La arrogancia del poder

Maestro y discí­pulo conversaban en una esquina, cuando una anciana los abordó. “¡Apártense de delante de mi escaparate!”, gritó. “¡Están estorbando a mis clientes!”.

El maestro pidió disculpas y cambió de acera.

Continuaban la conversación, cuando se les acercó un policí­a.

“Necesitamos que se aparte de esta acera”, dijo el policí­a. “El conde va a pasar por aquí­ dentro de poco”.

“Que el conde pase por el otro lado de la calle”, respondió el maestro, sin moverse de su sitio. Después se giró a su discí­pulo:

“No lo olvides: no seas nunca arrogante con los humildes, ni humilde con los arrogantes”.

La arrogancia de la santidad

El monje zen habí­a pasado diez años meditando en su cueva, intentando descubrir el camino de la Verdad. Una tarde, mientras oraba, se le acercó un mono. El monje intentó concentrarse. El mono, sin embargo, se le acercó despacito y le quitó la sandalia.

—¡Maldito mono! —dijo el monje—. ¿Por qué has venido a perturbar mis oraciones?

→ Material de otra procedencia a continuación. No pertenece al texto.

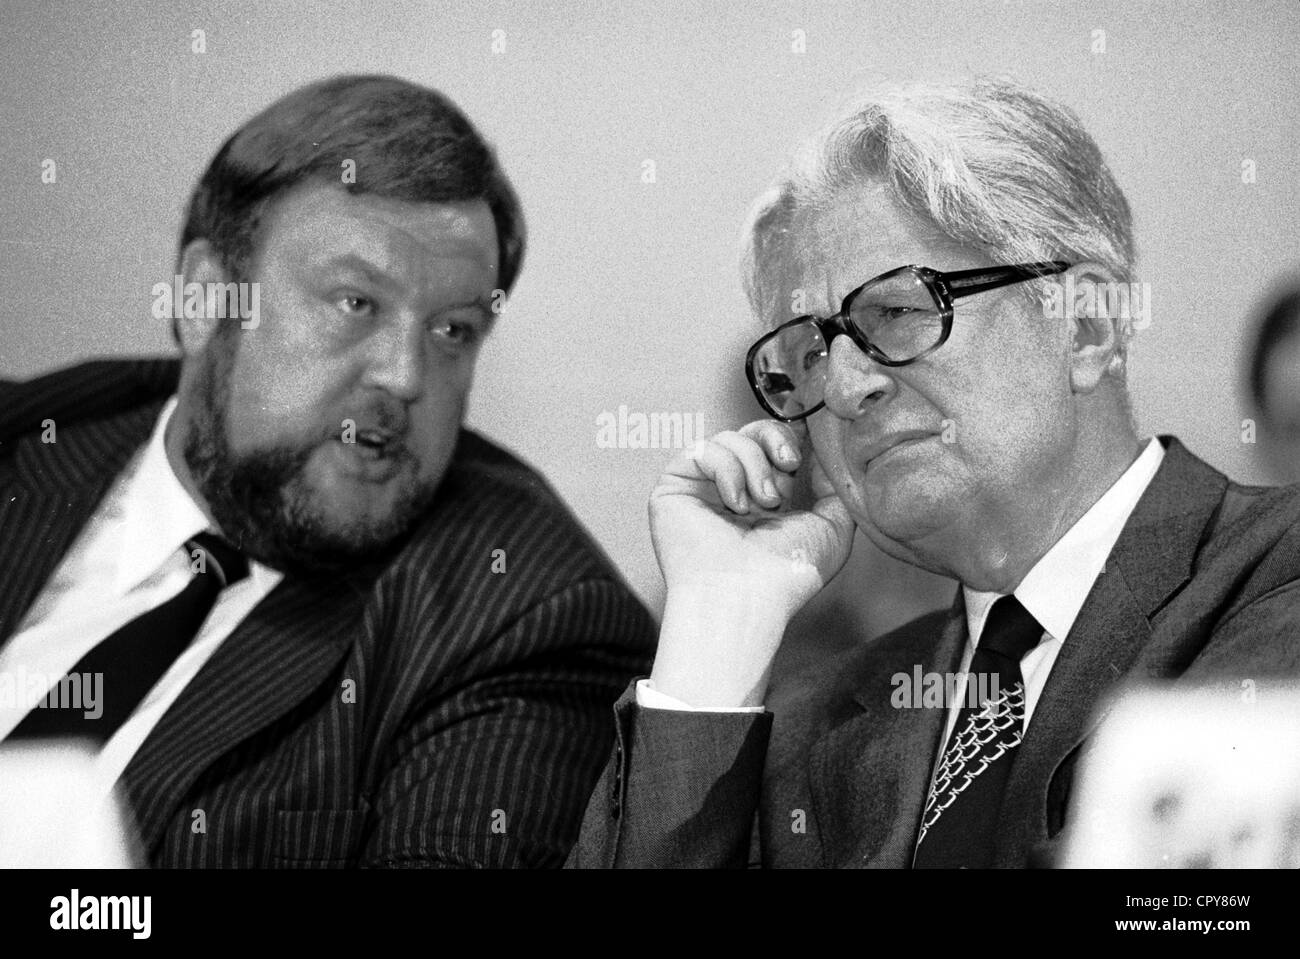 Hiersemann, Karl-Heinz, 17.8.1944 - 15.7.1998, deutscher Politiker (SPD), halbe Länge, mit Jochen Vogel, 1987, Stockfoto
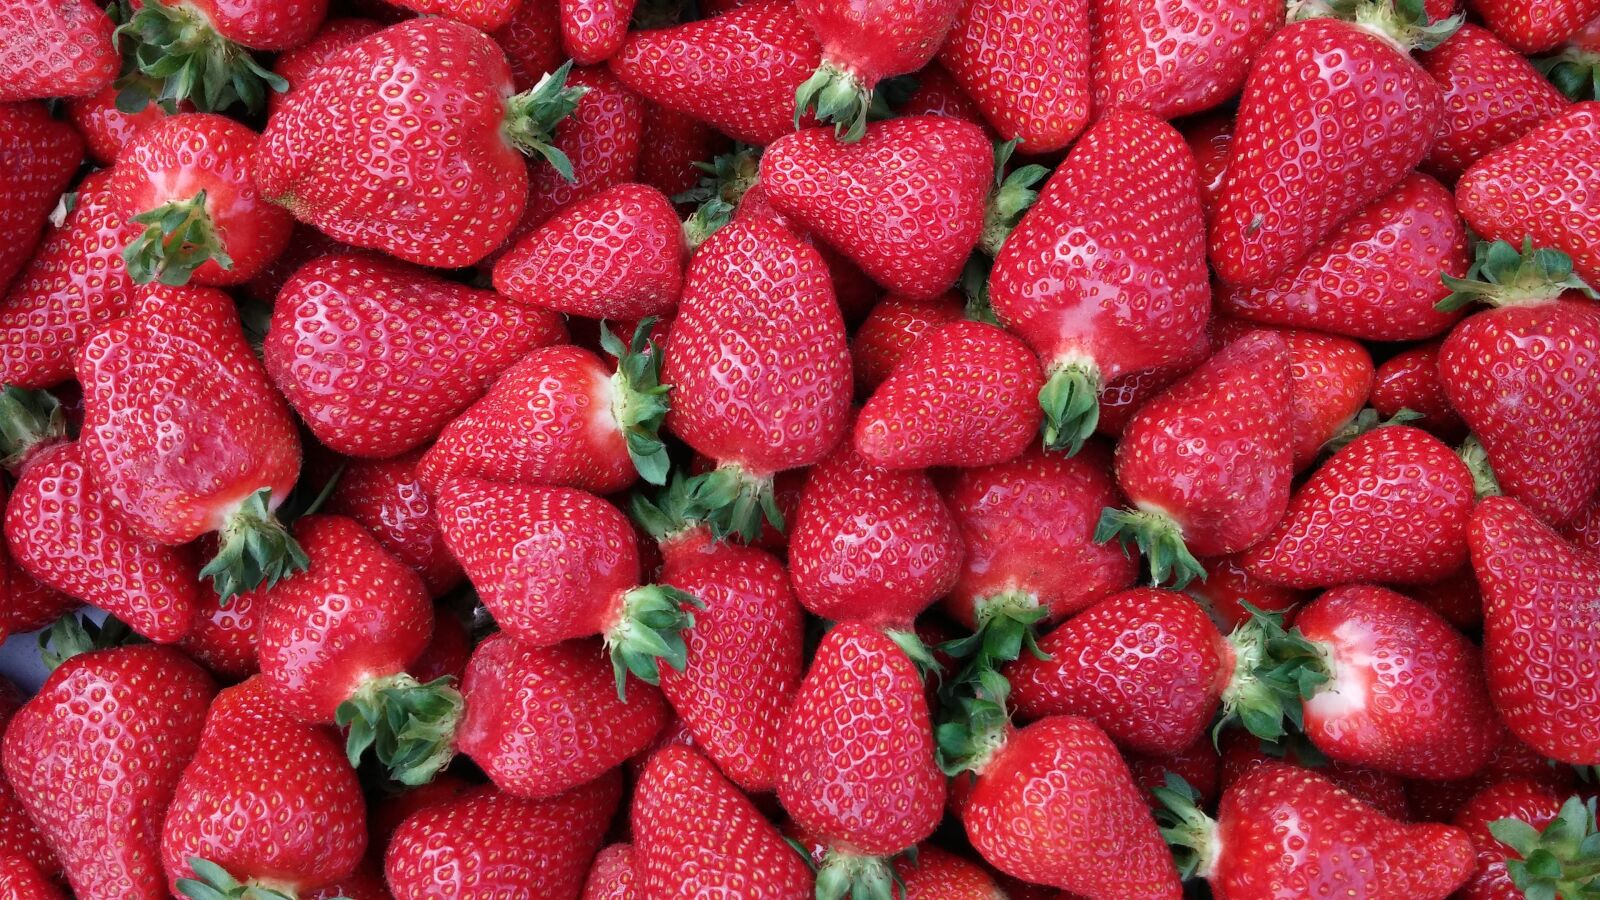 LG G2 sample photo. Strawberry, fruit, fruits photography

—Tengo hambre —dijo el mono.

—¡Largo de aquí­! ¡Estorbas mi comunicación con Dios!

—¿Cómo quieres hablar con Dios si no eres capaz de comunicarte con los más humildes, como yo? —dijo el mono.

Y el monje, avergonzado, le pidió disculpas.

La arrogancia de la fuerza

La aldea estaba amenazada por una tribu de bárbaros. Los habitantes fueron abandonando sus casas y huyeron hacia un lugar más seguro. Al final del año, todos habí­an partido, excepto un grupo de jesuitas.

El ejército bárbaro entró en la ciudad sin encontrar resistencia e hizo una gran fiesta para celebrar la victoria. En mitad de la comida, apareció un padre jesuita.

“Habéis entrado aquí­ y habéis echado fuera la paz. Os pido por favor que os vayáis sin demora”.

“¿Por qué no has huido todaví­a?”, gritó el jefe bárbaro. “¿No ves que puedo atravesarte con mi espada sin siquiera pestañear?”.

El padre respondió con calma:

“¿No ves que yo puedo ser atravesado por una espada sin siquiera pestañear?”.

Sorprendido por tan gran serenidad ante la muerte, el jefe bárbaro y su tribu abandonaron el lugar al dí­a siguiente.

La arrogancia de la envidia

En el desierto de Siria, decí­a Satanás a sus discí­pulos: “El ser humano siempre está más preocupado por desear el mal a los otros que en hacerse el bien a sí­ mismo”.

Y para probar lo que decí­a, decidió tentar a dos hombres que descansaban allí­ cerca.

“He venido para hacer realidad tus deseos”, le dijo a uno de ellos. “Puedes pedir lo que quieras, que te será dado. Tu amigo recibirá lo mismo que tú, pero el doble”.

El hombre permaneció largo tiempo en silencio. Finalmente, dijo:

“Mi amigo está contento, porque obtendrá el doble que yo, sea cual sea mi deseo. Pero he conseguido prepararle una trampa: mi deseo es que me dejes ciego de un ojo.